[UPDATE Jan, 2009: The description below is our original conception of ArduPilot Pro. However, we were able to achieve all of these features with the basic ArduPilot, so we are now reconsidering what additional features to add to a future dual-core ArduPilot. Things we are considering include SD-card datalogging and on-screen displays for first-person view flying. In the meantime, the below is provided as a reference platform for a dual-core Arduino-compatible autopilot, but should not be viewed as a forthcoming product as described here.]

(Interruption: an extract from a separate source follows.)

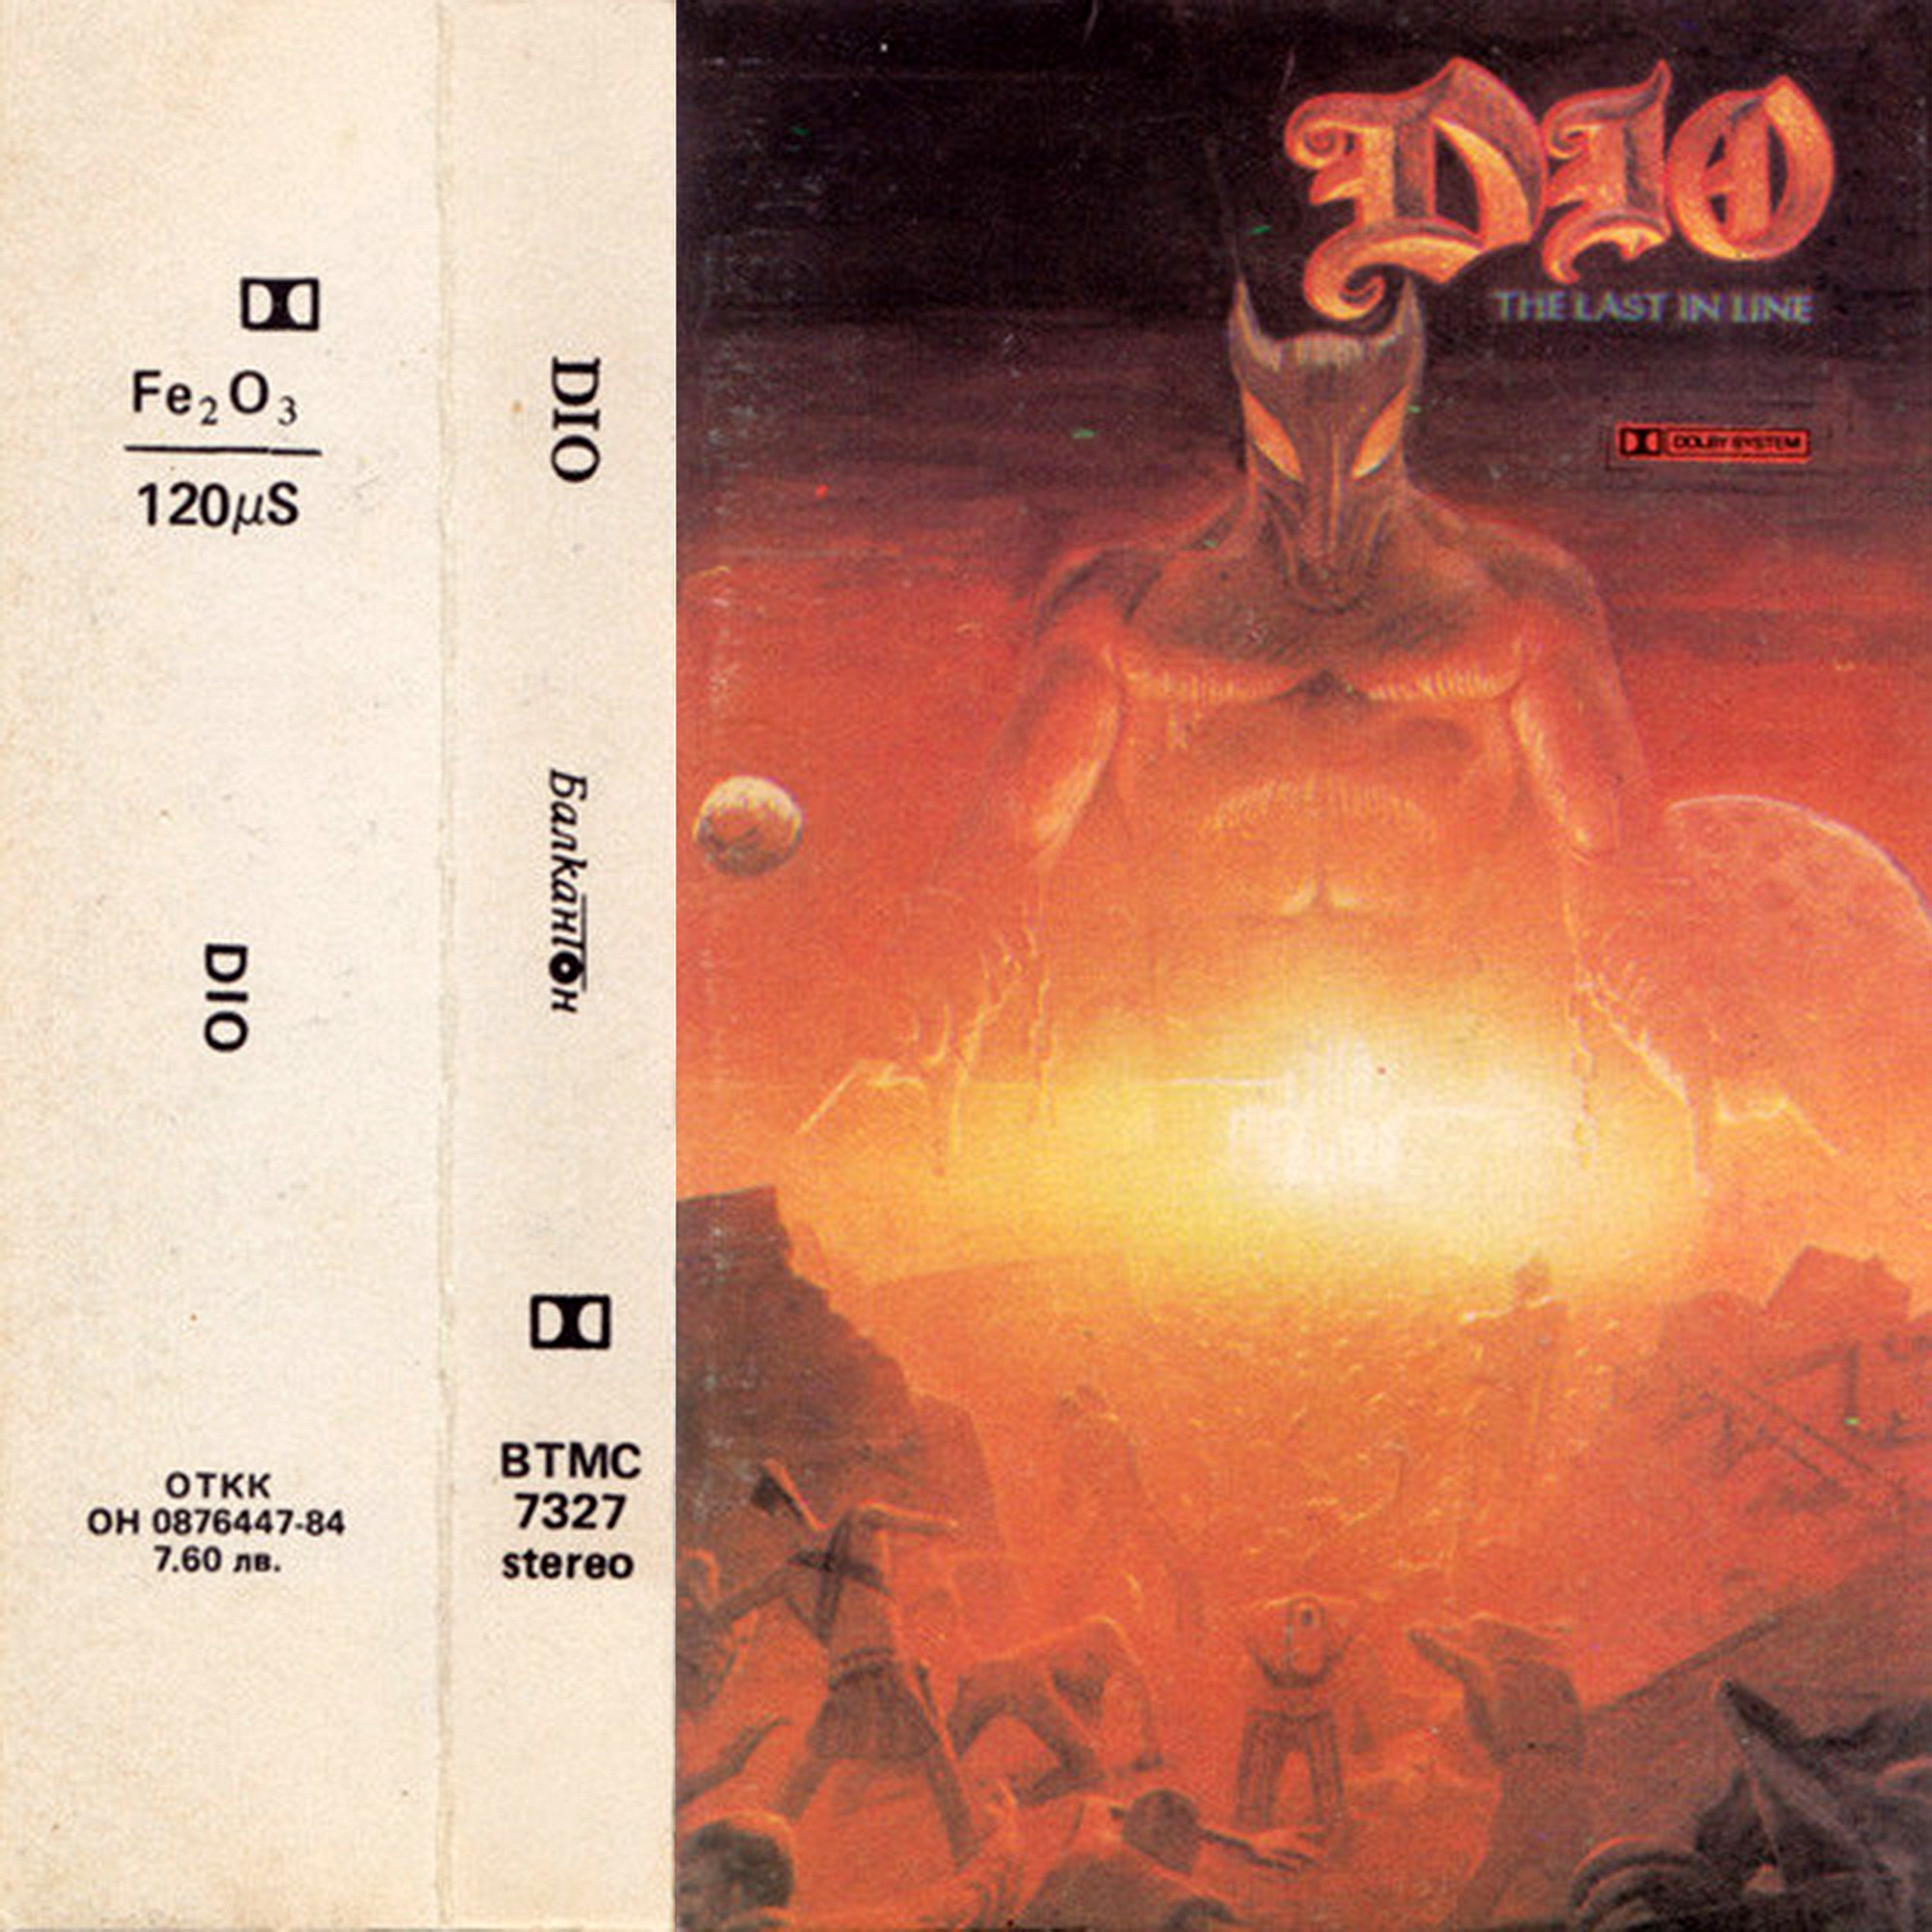 Dio ‎– The Last In Line

ArduPilot Pro is a low-cost, full-function autopilot based on the open source Arduino platform. It incorporates two Atmega 168 processors (for navigation and stabilization) and one ATTiny45 processor (for the failsafe) onto one board, along with a GPS module. It has all the functionality of the basic ArduPilot, but includes its own thermopile sensors and processing so it does not require a third-party stabilization unit.

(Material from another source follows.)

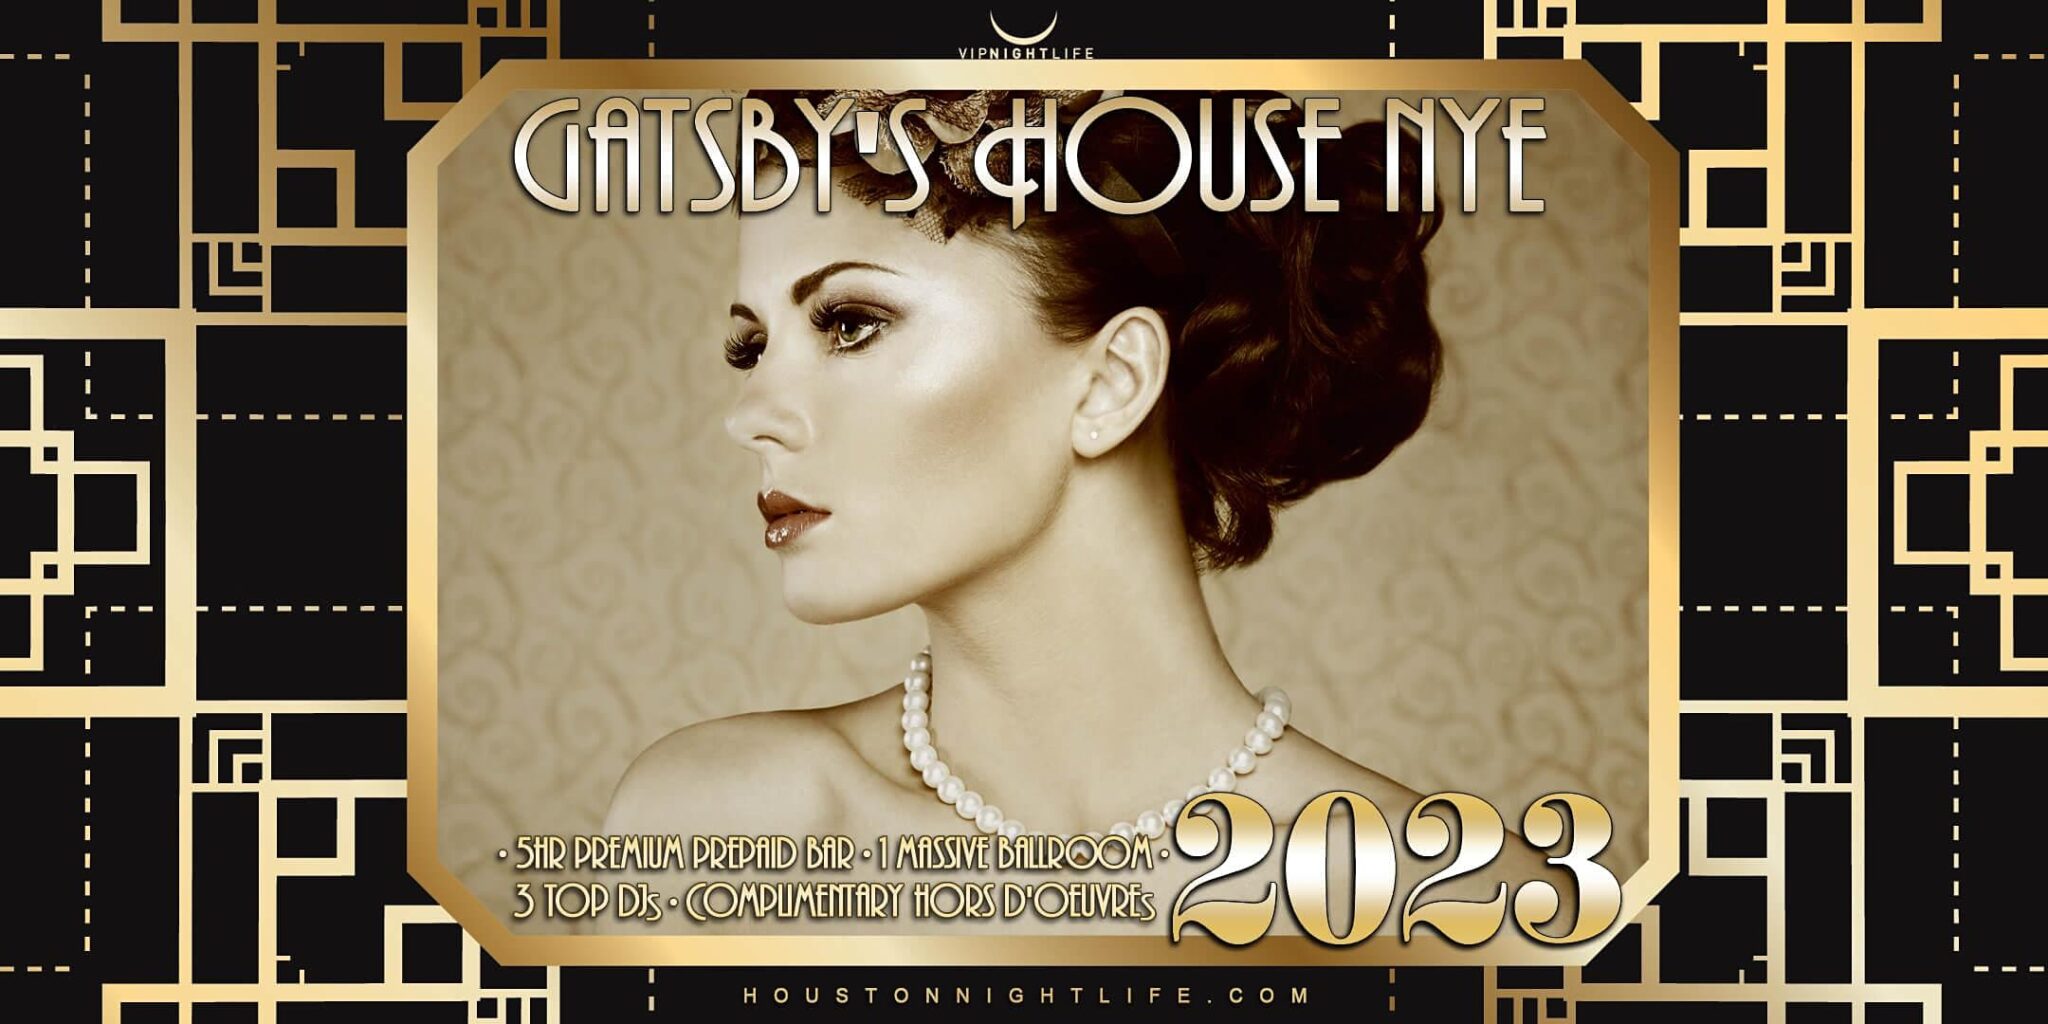 2023 Houston New Year's Eve Party Gatsby's House VIP Nightlife

The thermopile sensors are on two daughterboards, one with four sensors for X-Y axis stabilization, and the other with two sensors along the z axis for calibration and upright/inverted orientation. These are modeled after the open source Paparazzi sensors.

ArduPilot Pro will eventually be available as a commercial kit. At the moment it is a development project with the aim of going into beta in mid-2009.

Basics:
  • If you want to build your own, the necessary files and component lists are here.
  • Autopilot code (for the board's two main processors, Atmega168s) is in development and will be posted here.
  • Latest multiplexer code (for the board's third processor, an Attiny, which runs the failsafe system) is here. (If all you want is to load our code, rather than modify it, just use AVR Studio to burn the antifail_system.hex file in the Default folder to the Attiny chip)

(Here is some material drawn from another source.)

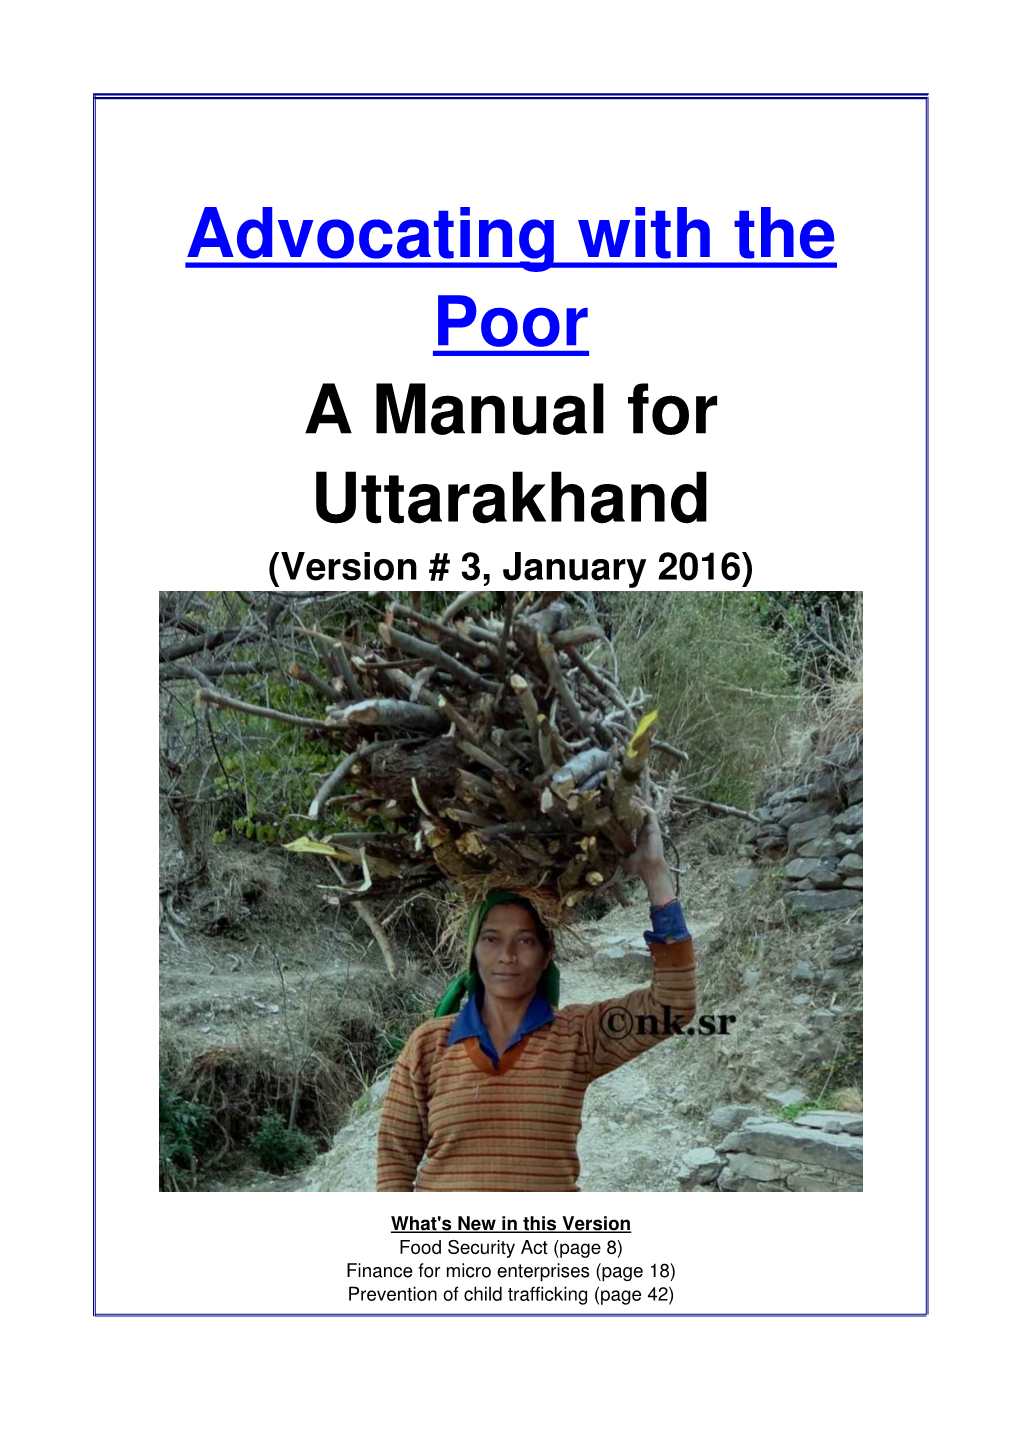 Advocating with the Poor a Manual for Uttarakhand (Version # 3, January 2016)

The following is a chronological list of posts describing the development of the project. Unless you're very keen to get started on this before it's released as a commercial project, we do not recommend that you order these boards, since they're sure to have some bugs. But if you're interested in autopilot development and want to know more about ArduPilot features, they will give you some insight into the evolution of this project.

Views: 1598

Comment by NorthSweden on September 8, 2008 at 4:06pm
Hello

How big is the PCB?

Will it fit into the cockpit of the raptor airframe?

3D Robotics
Comment by Chris Anderson on September 8, 2008 at 4:20pm
We haven't released the final PCB but it's 1.75" x 1.2".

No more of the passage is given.